— Given data —
········
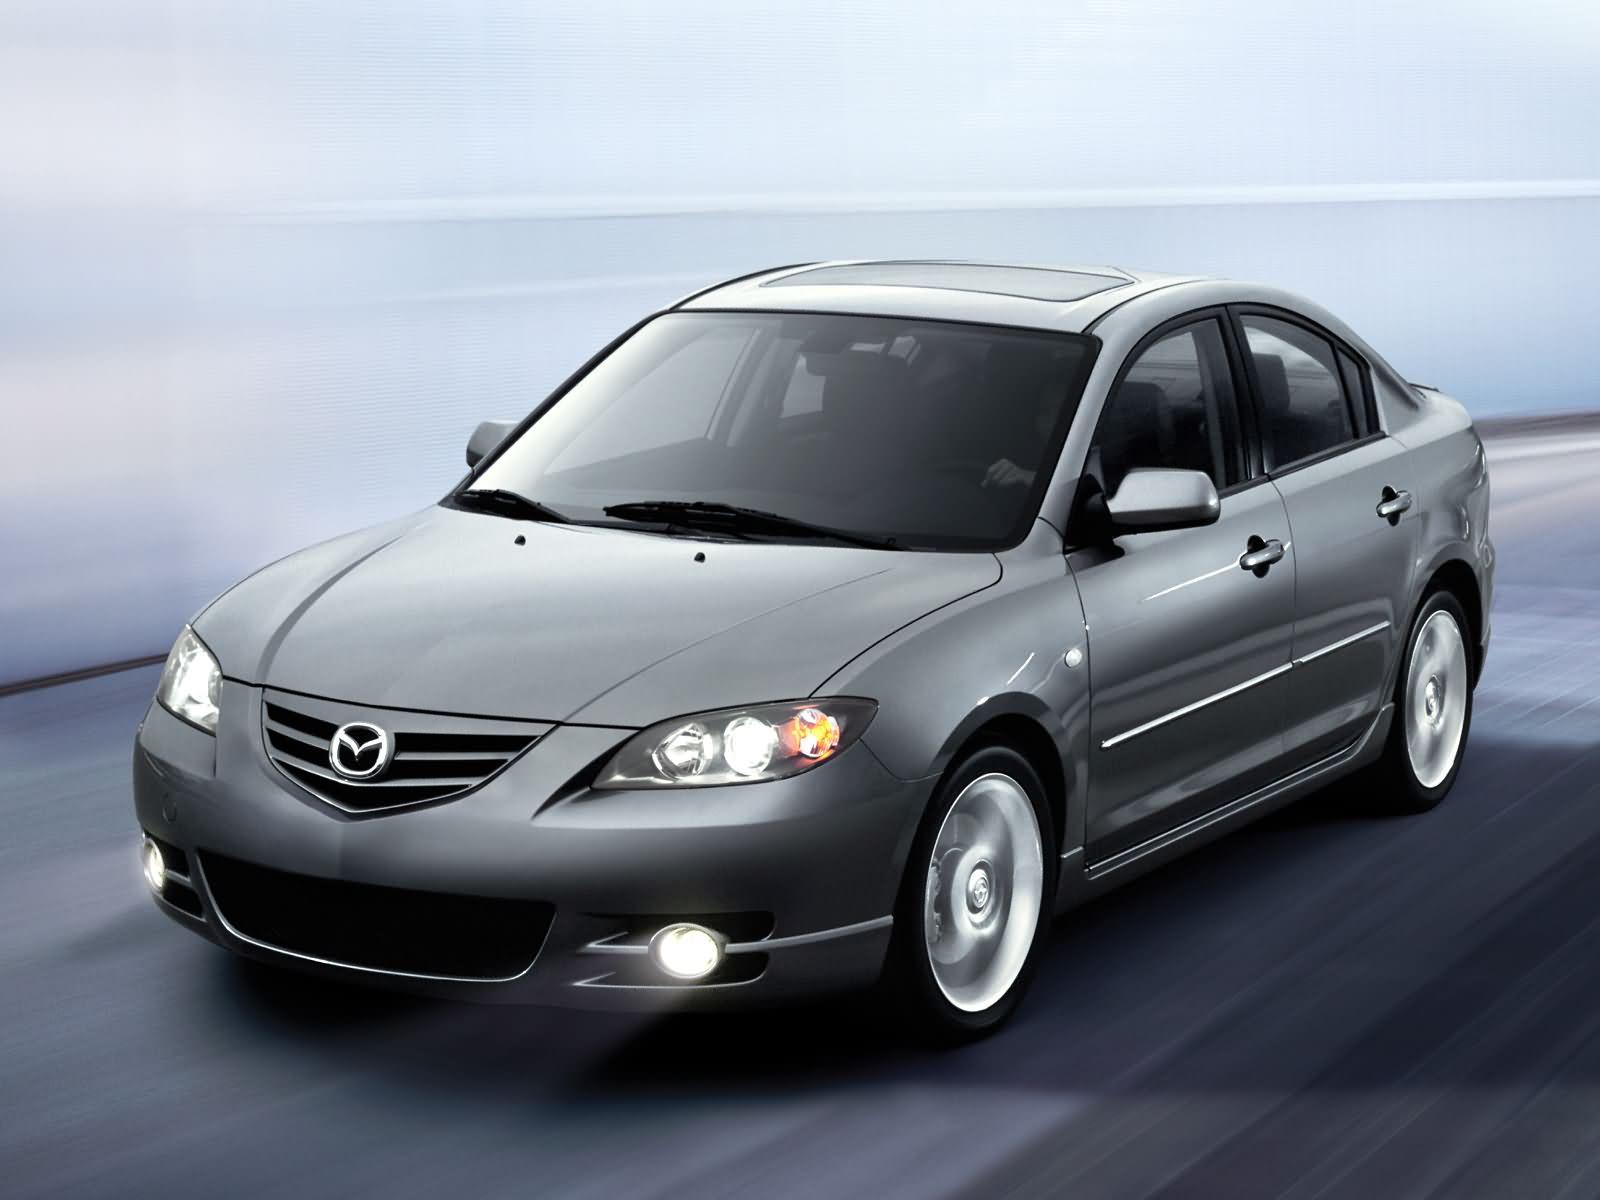 World Car Wallpapers Mazda 3
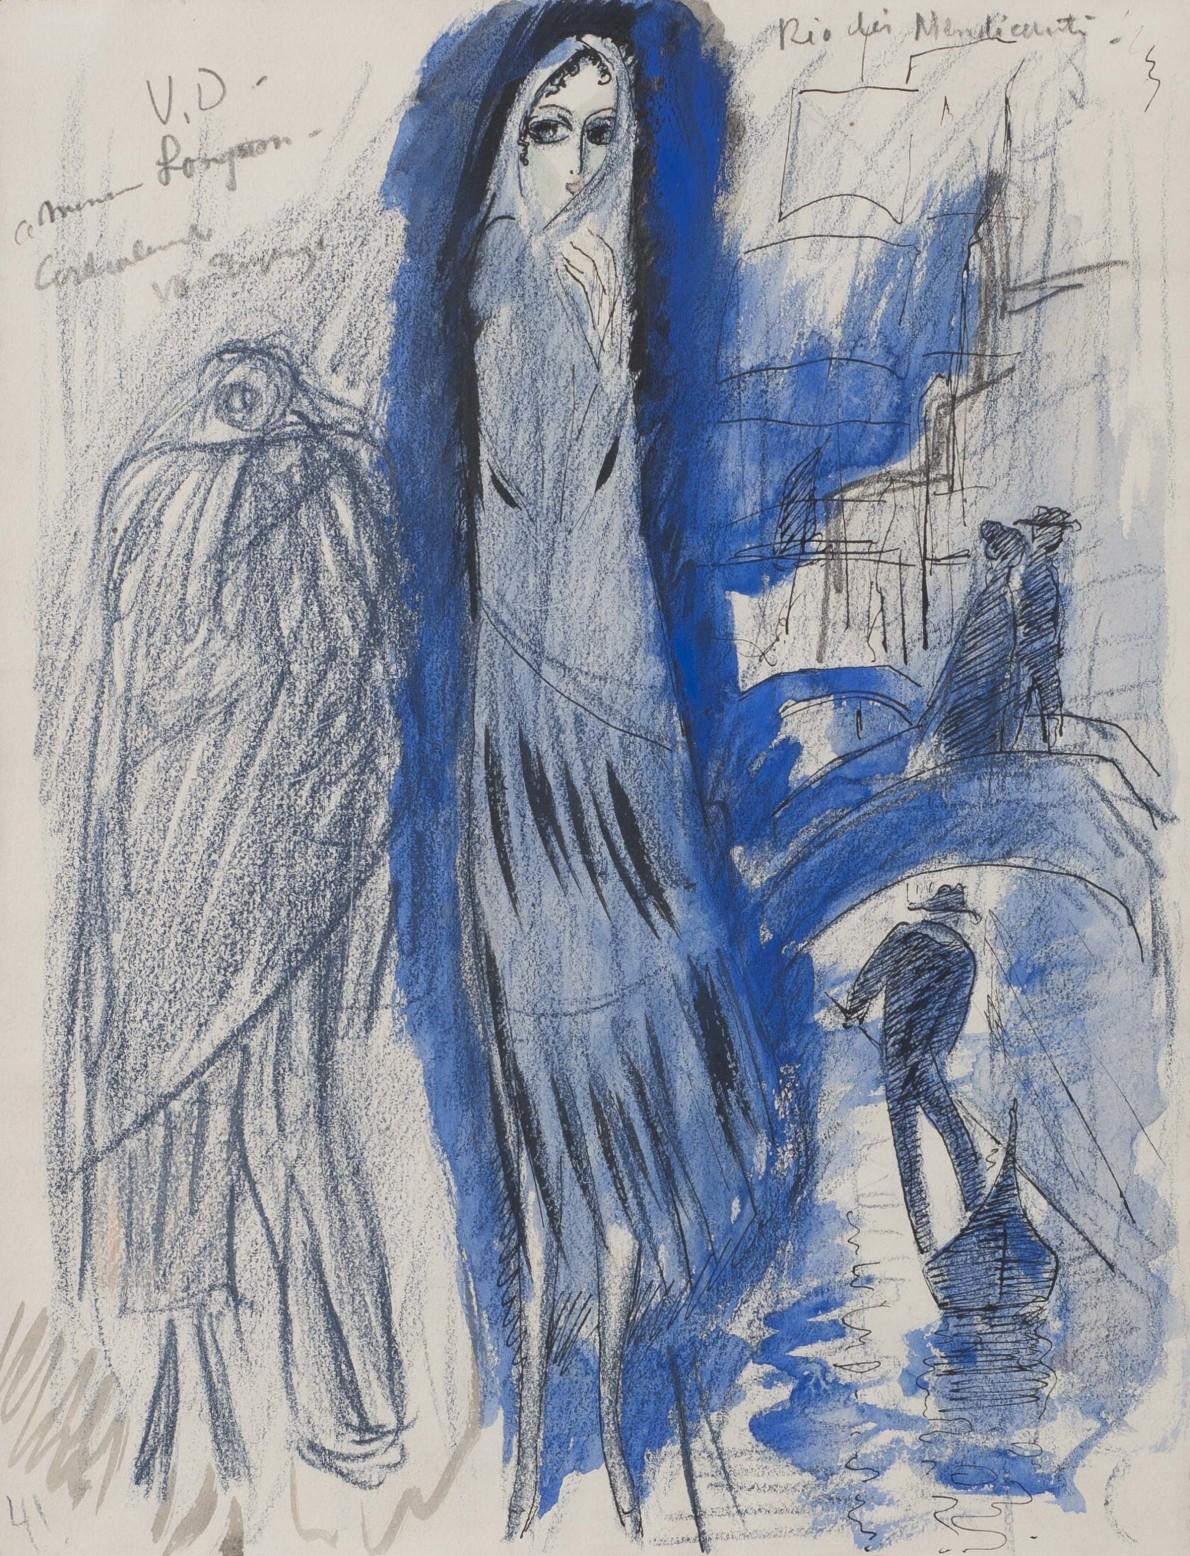 Kees van Dongen, Etude pour 'Rio des Mendiant', 1921
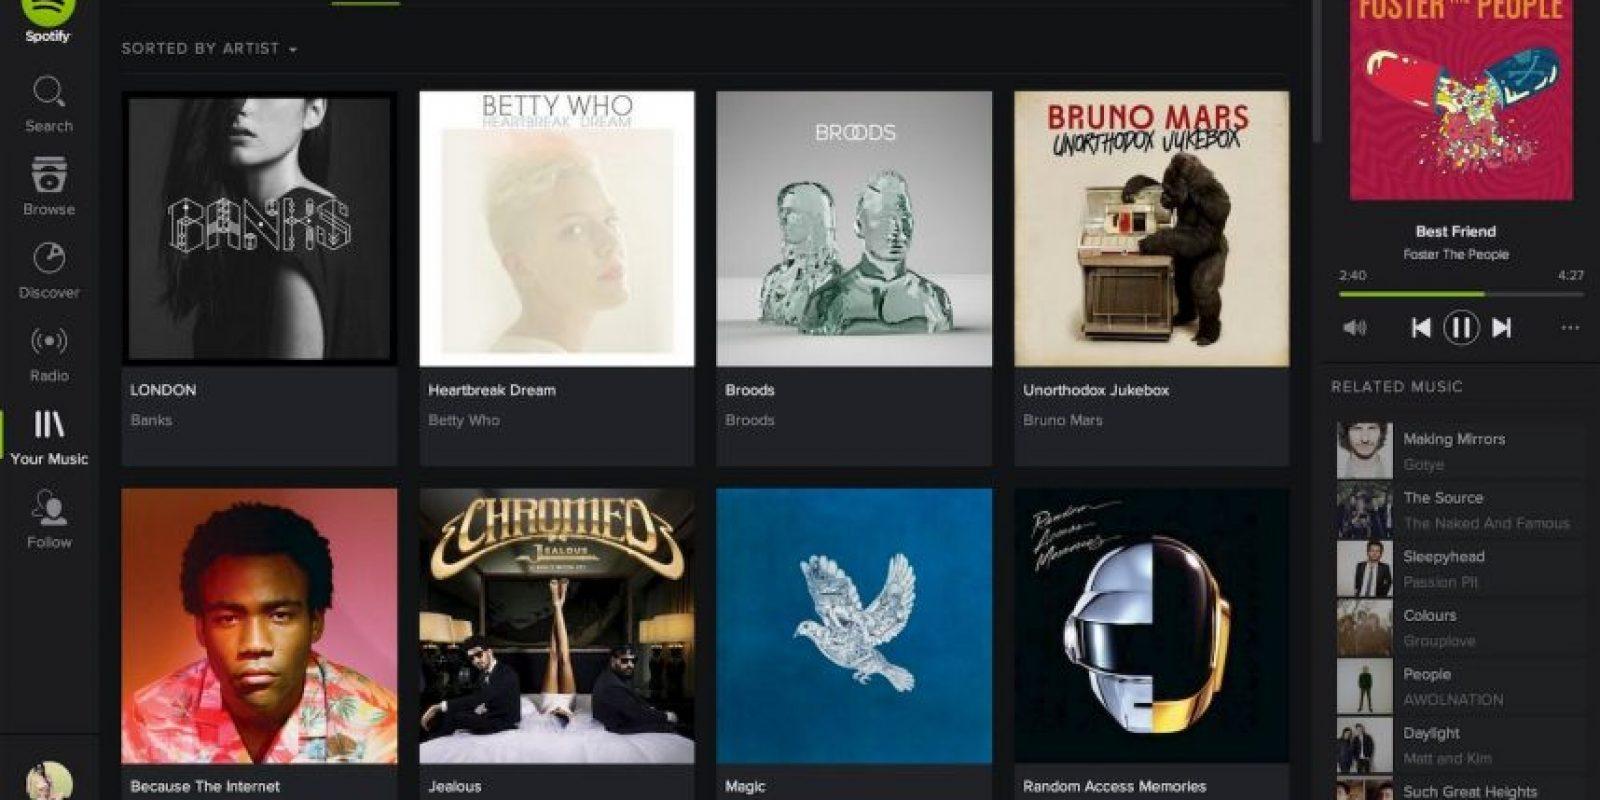 Tiene más de mil 500 millones de playlist. Foto:Spotify
········
— Assignment —
Copy out every line above without change, dropping the pictures.

— Answer to the exercise —
 World Car Wallpapers Mazda 3
 Kees van Dongen, Etude pour 'Rio des Mendiant', 1921
 Tiene más de mil 500 millones de playlist. Foto:Spotify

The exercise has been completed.